Das Arbeitsblatt FW 1000 der Arbeitsgemeinschaft Fernwärme e.V. (AGFW) beschreibt die Anforderungen an Organisation, Qualifikation und technische Betriebsabläufe in der Fernwärmeversorgung. Die enercity Netzgesellschaft mbH erfüllt diese anerkannten Regeln der Technik. Das wurde 2013 zum wiederholten Mal von Prüfern der AGFW für alle Betriebsbereiche bestätigt. Die Prüfung des Technischen Sicherheitsmanagements (TSM) ist freiwillig und gilt jeweils für fünf Jahre. Bei größeren organisatorischen Veränderungen im Unternehmen bzw. nach Ablauf der fünf Jahre ist eine erneute Auditierung/Überprüfung erforderlich, um das TSM-Zertifikat zu erhalten.

Was ist überhaupt „Technisches Sicherheitsmanagement (TSM)?"

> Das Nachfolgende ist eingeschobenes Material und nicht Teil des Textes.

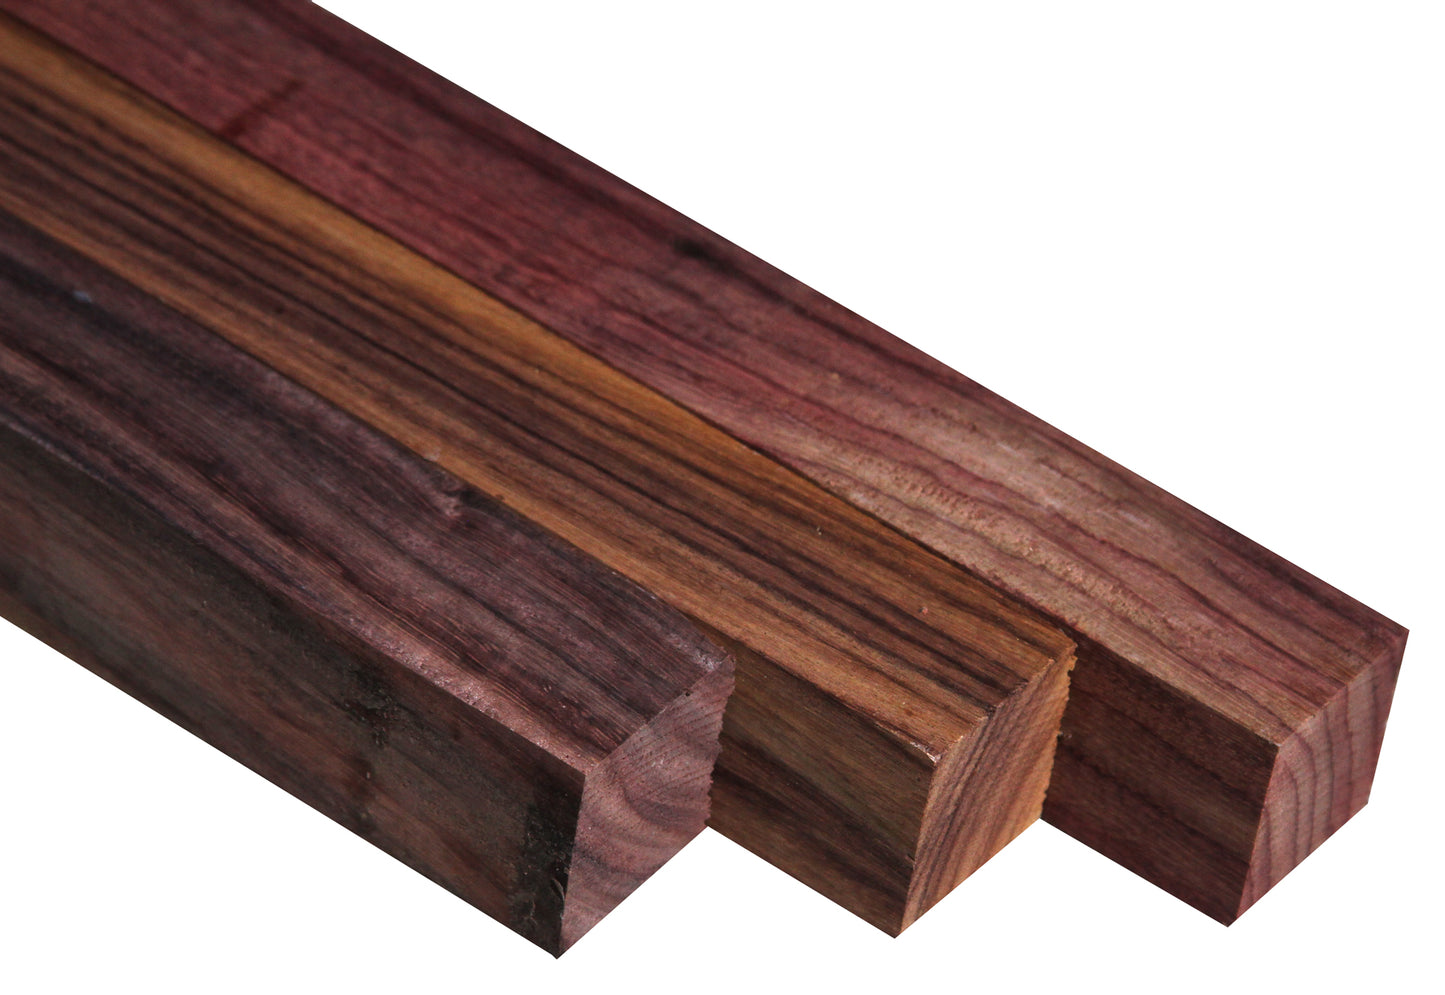 East Indian Rosewood Turning Square (24" x 2" x 2")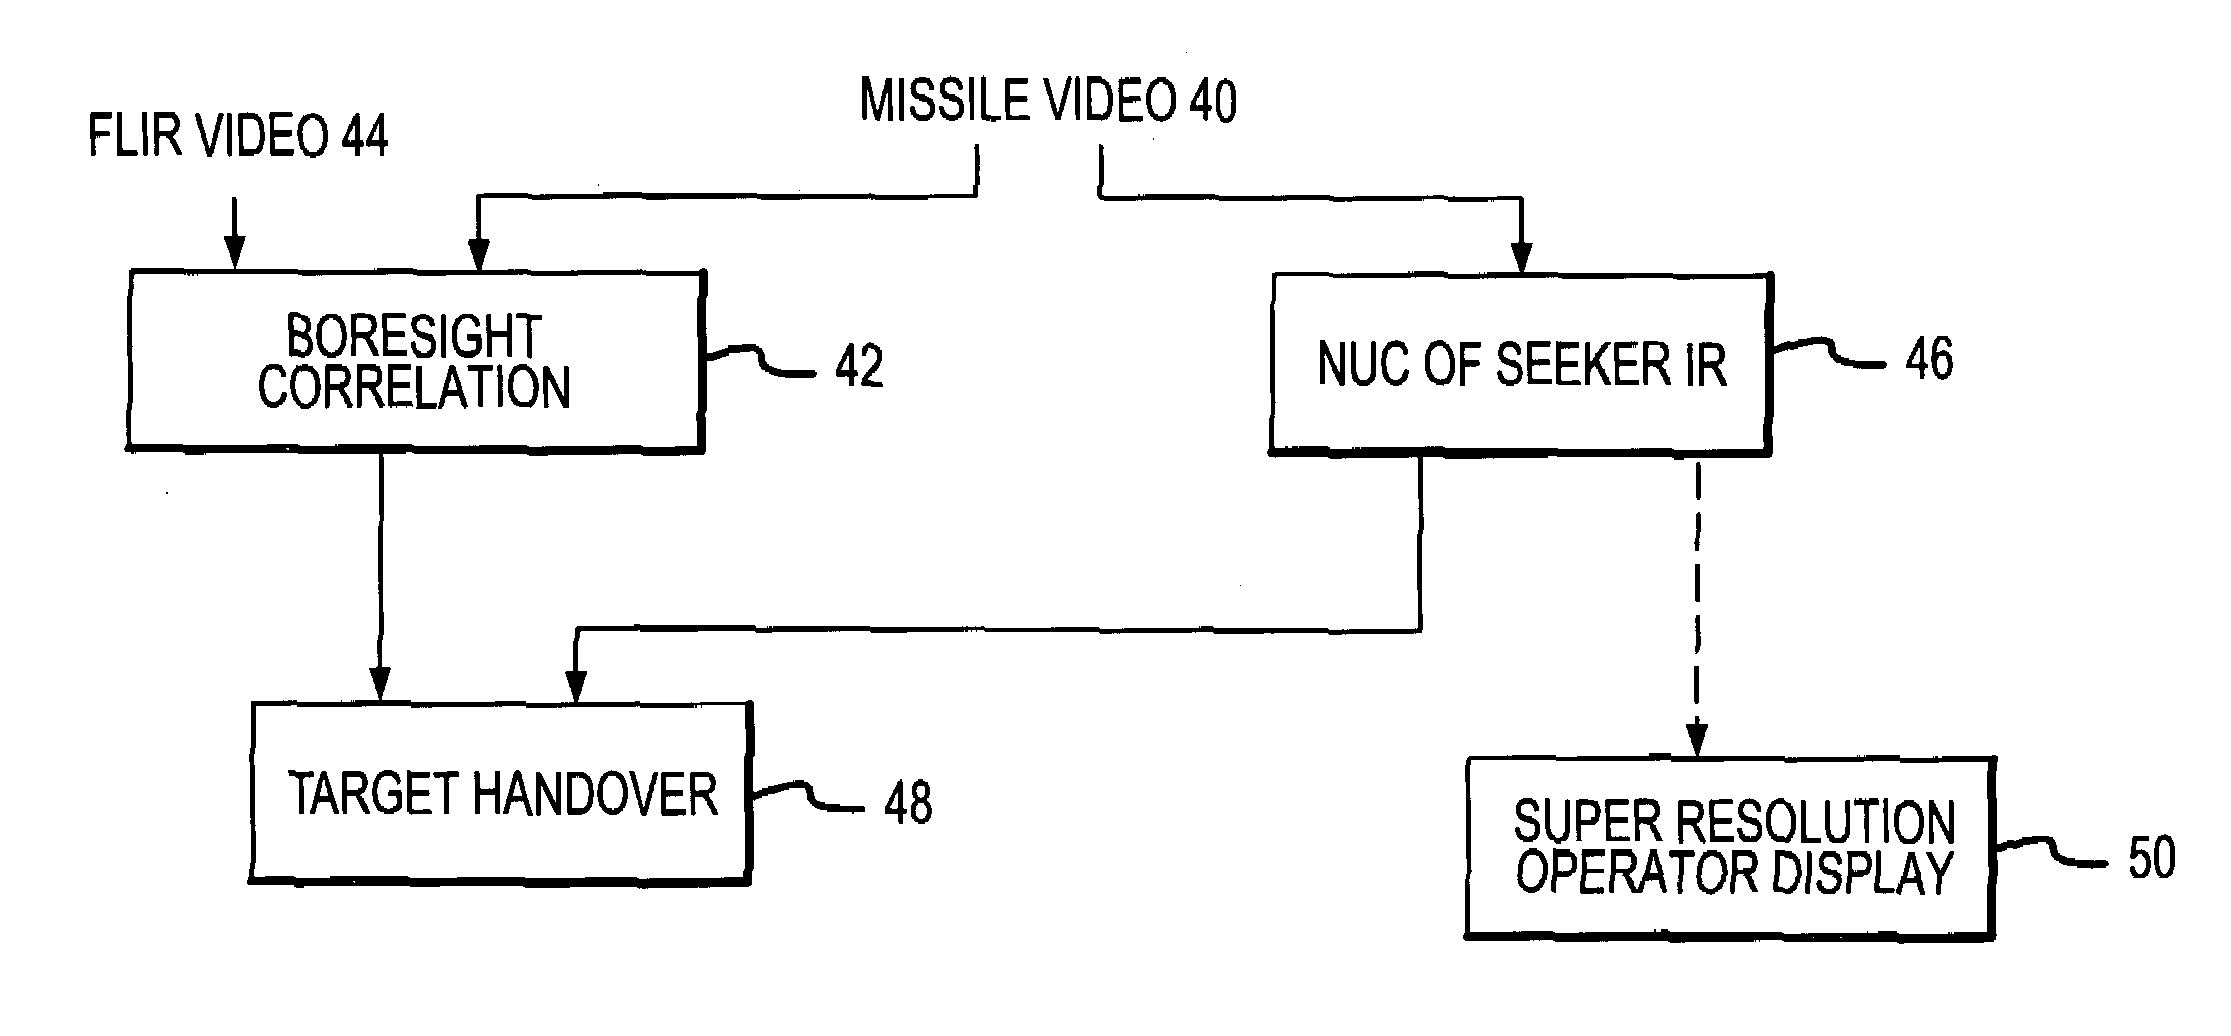 FLIR-to-missile boresight correlation and non-uniformity compensation of the missile seeker

Versorgungssicherheit der Netzinfrastruktur Fernwärme: TSM Zertifikat AGFW

Bildbeschreibung: Versorgungssicherheit der Netzinfrastruktur Fernwärme

Die enercity Netzgesellschaft mbH hat ihr Technisches-Sicherheits-Management (TSM) durch die AGFW prüfen lassen. Überprüft wurden die Aufbau- und Ablauforganisation sowie die technische Sicherheit.

Die AGFW ist die Arbeitsgemeinschaft Fernwärme, sie nennt sich selbst „Effizienzverband für Wärme, Kälte und KWK" und ist als zentrale regelsetzende Organisation in Deutschland im Fernwärmefach anerkannt.

Das Technische Sicherheitsmanagement unterstützt Unternehmen der Versorgungswirtschaft und der Industrie in der rechtssicheren Organisation ihrer Betriebsprozesse. Um eine sichere Fernwärmeversorgung zu gewährleisten, müssen die Anforderungen an die organisatorischen Strukturen und personellen Qualifikationen im Unternehmen erfüllt sein. Die TSM-Prüfbescheinigung dokumentiert die Erfüllung von Anforderungen der technischen Sicherheit nach außen.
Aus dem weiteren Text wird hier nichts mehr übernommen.